Id. (footnotes omitted).

These amendments distinguish the District from the vast majority of the fifty states in our union who afford, either under their state constitutions or by statute, a right to a jury trial to anyone charged with a crime where there is a possibility of imprisonment for any period of time. See generally David L. He-mond, Brief Review of Right in 49 States to Jury Trial for Minor Crimes (1998) (available at http://www.cga.ct.gov/lrc/recommen dations/1999% 20recommendations/JuryTri-al49StatesRpt.htm). Indeed, only nine states (Delaware, Louisiana, Mississippi, Nebraska, Nevada, New Jersey, New York, Pennsylvania, and Rhode Island) and the District limit the right to a jury trial to individuals charged with crimes carrying a sentence of more than 180 days. N.J. Stat. Ann. §§ 2C:l-4, :43-8 (West 1989); Blanton v. North Las Vegas Mun. Court, 103 Nev. 623, 748 P.2d 494, 498-99 (1987), aff'd sub nom. Blanton v. City of North Las Vegas, 489 U.S. 538, 109 S.Ct. 1289, 103 L.Ed.2d 550 (1989); State v. Chiles, 514 So.2d 150, 152 (La.App. 4 Cir.1987); State v. Kennedy, 224 Neb. 164, 396 N.W.2d 722, 727 (1986); Eichenlaub v. Eichenlaub, 340 Pa.Super. 552, 490 A.2d 918 (1985); Morgenthau v. Erlbaum, 59 N.Y.2d 143, 464 N.Y.S.2d 392, 451 N.E.2d 150, 156 (1983); Thomas v. State, 331 A.2d 147, 150 (Del.1975); McGowan v. State, 258 So.2d 801, 803 (Miss.1972); State v. Holliday, 109 R.I. 93, 280 A.2d 333 (1971).
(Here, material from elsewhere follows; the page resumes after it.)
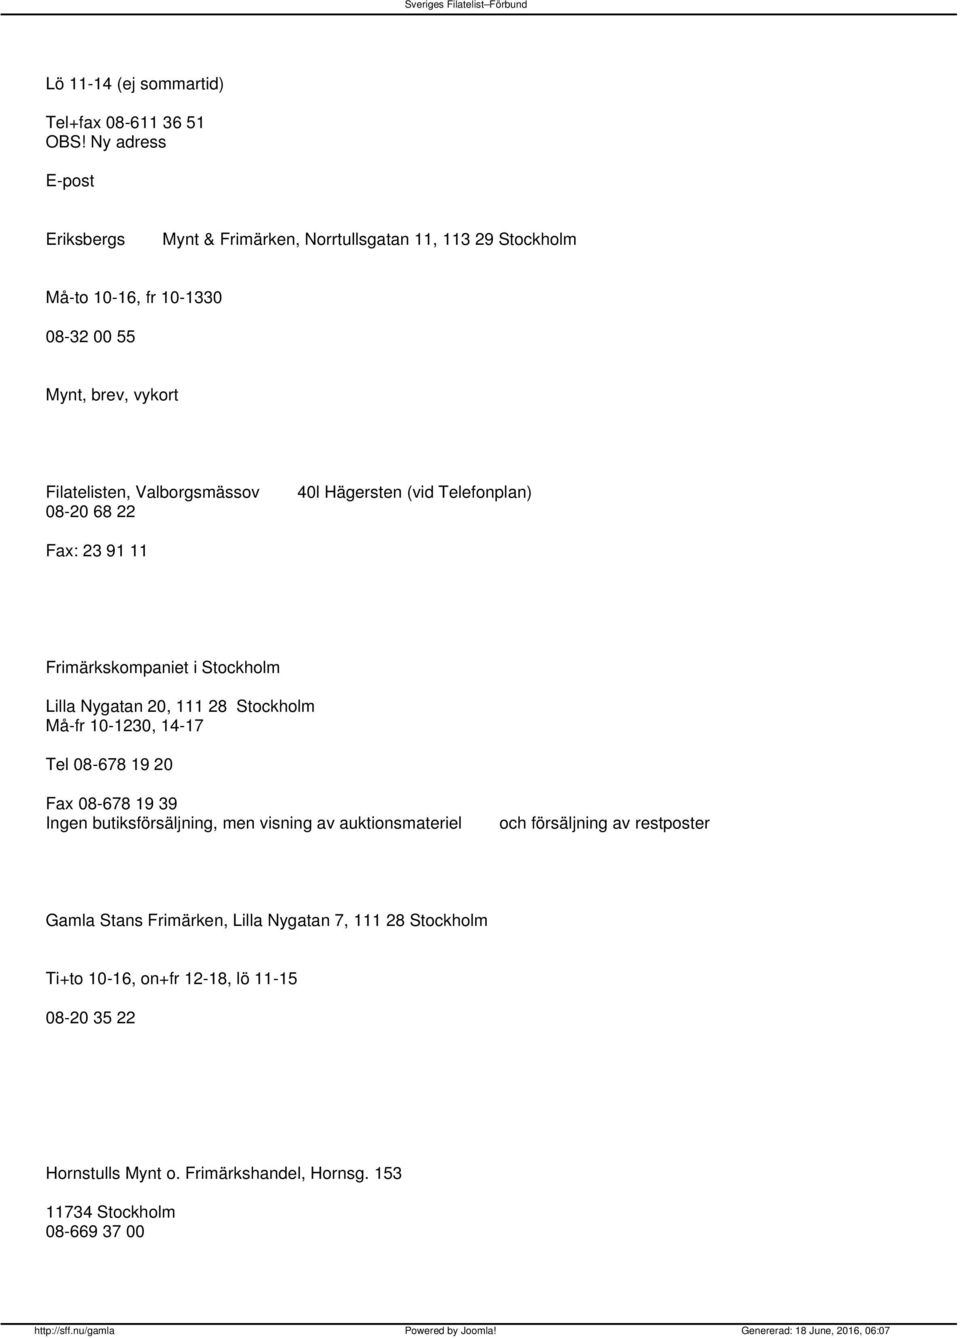 Hägersten (vid Telefonplan) 08-20 68 22 Fax: 23 91 11 Frimärkskompaniet i Stockholm Lilla Nygatan 20, 111 28 Stockholm Må-fr 10-1230, 14-17 Tel 08-678 19 20 Fax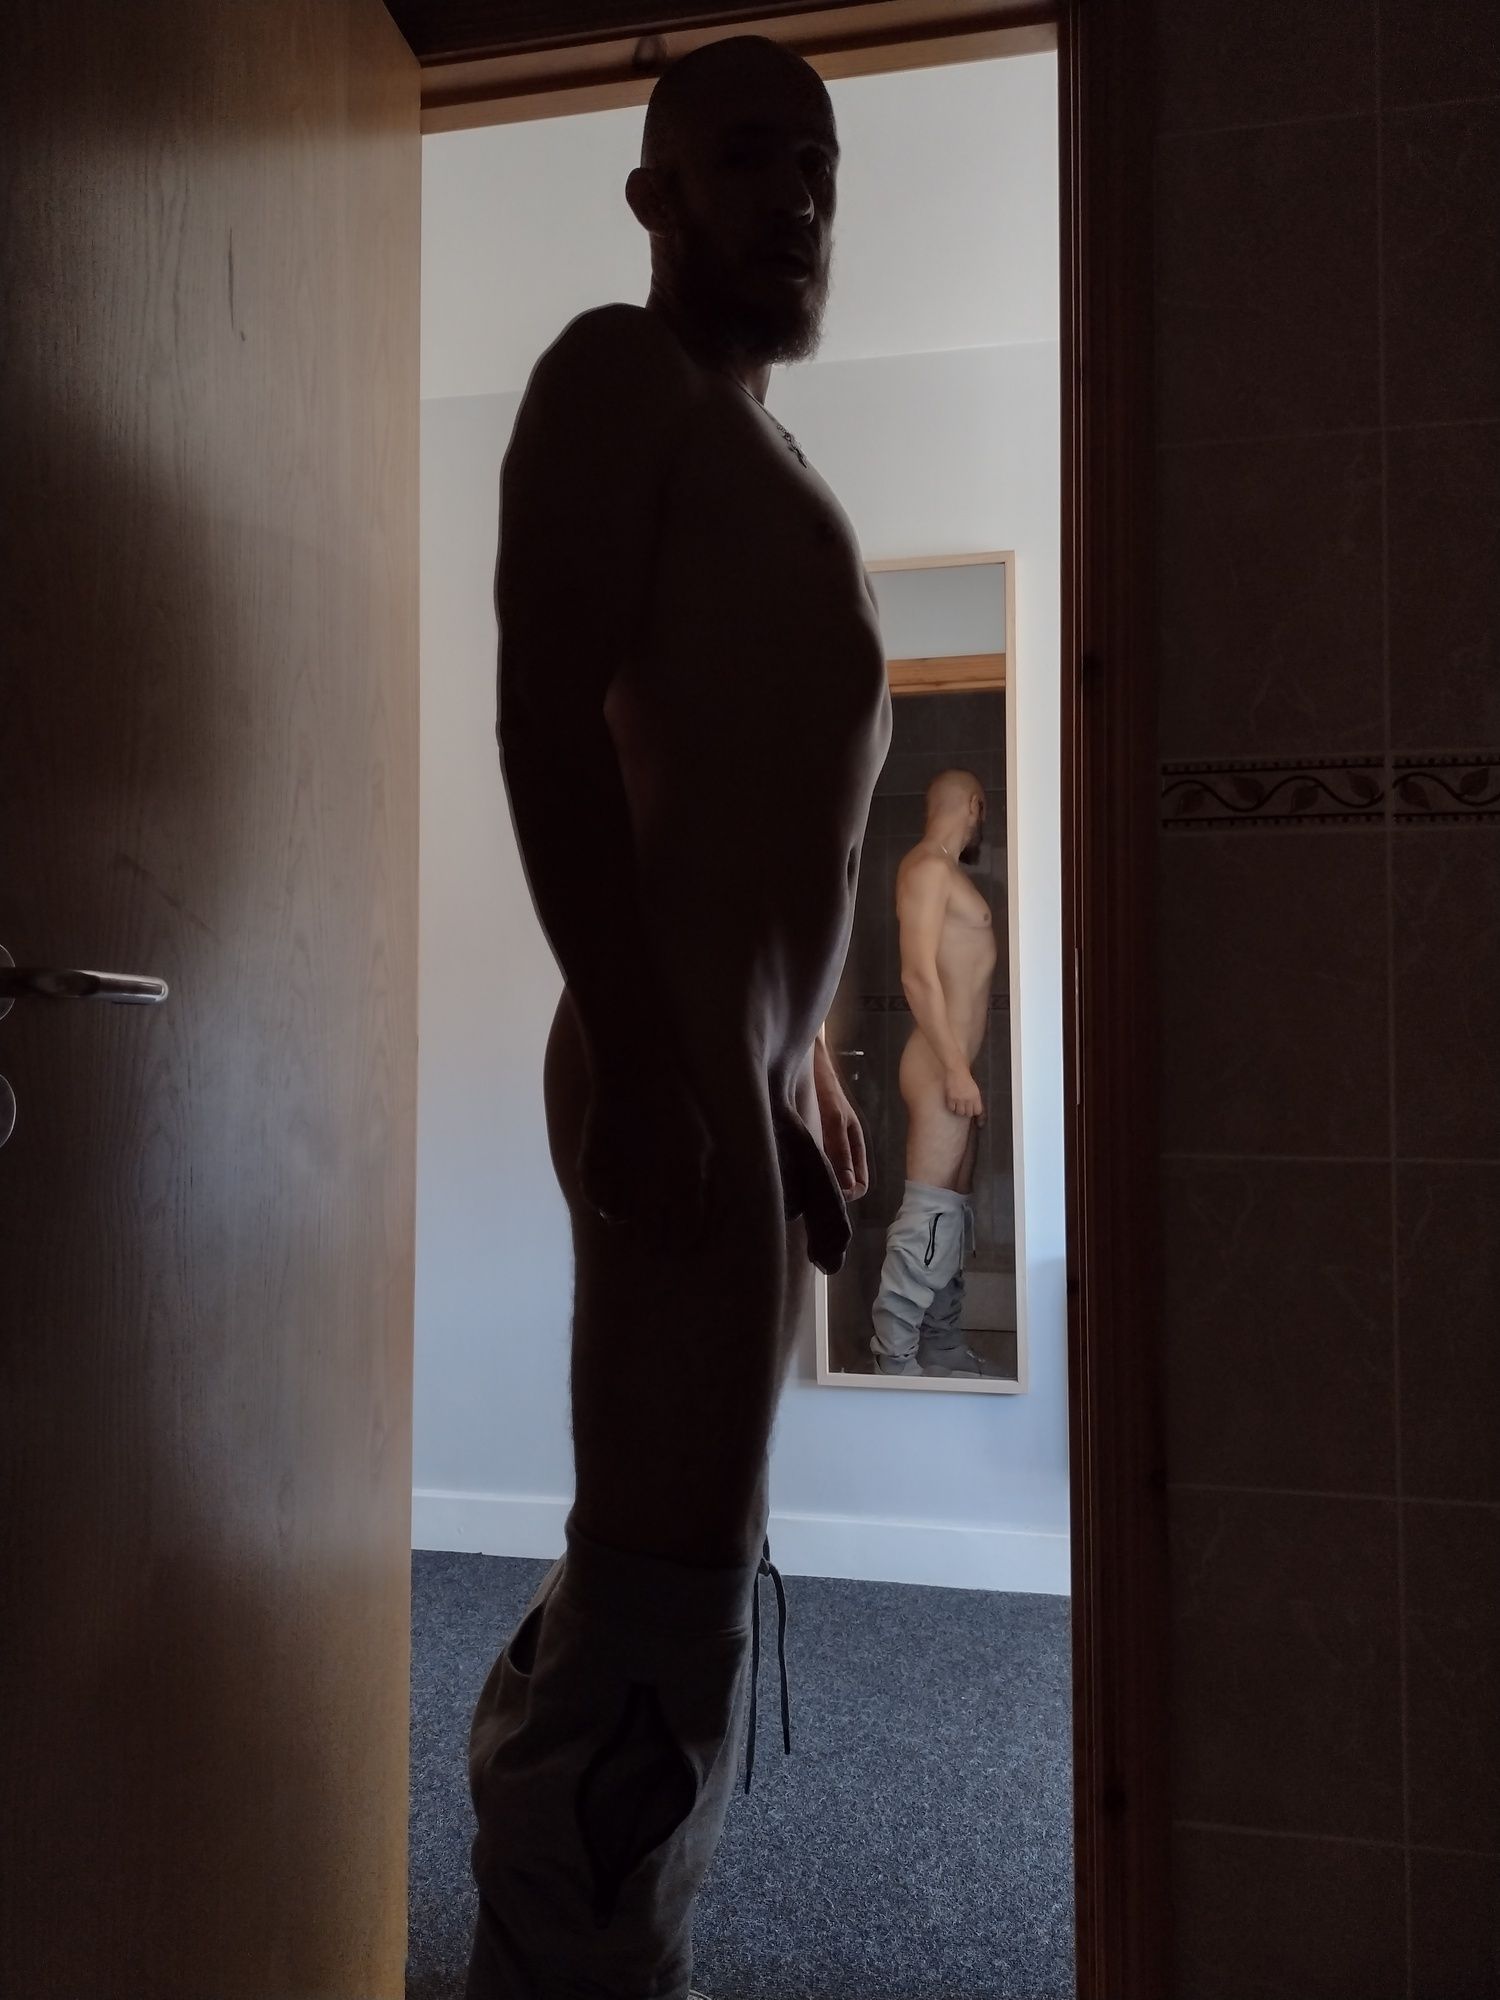 Posing nude in doorway #6

. At oral argument, counsel for appellant noted that whether the consequence of deportation gives rise to a Sixth Amendment right to a jury trial for a petty offense is unlikely to arise in other jurisdictions because most states allow for jury trials on a much broader scale. While we have confirmed that our jury trial statute places us in the minority, see note 3 supra, this does not assist appellant in overcoming the hurdle of plain error in this case.

. See M.A.P. v. Ryan, 285 A.2d 310, 312 (D.C.1971).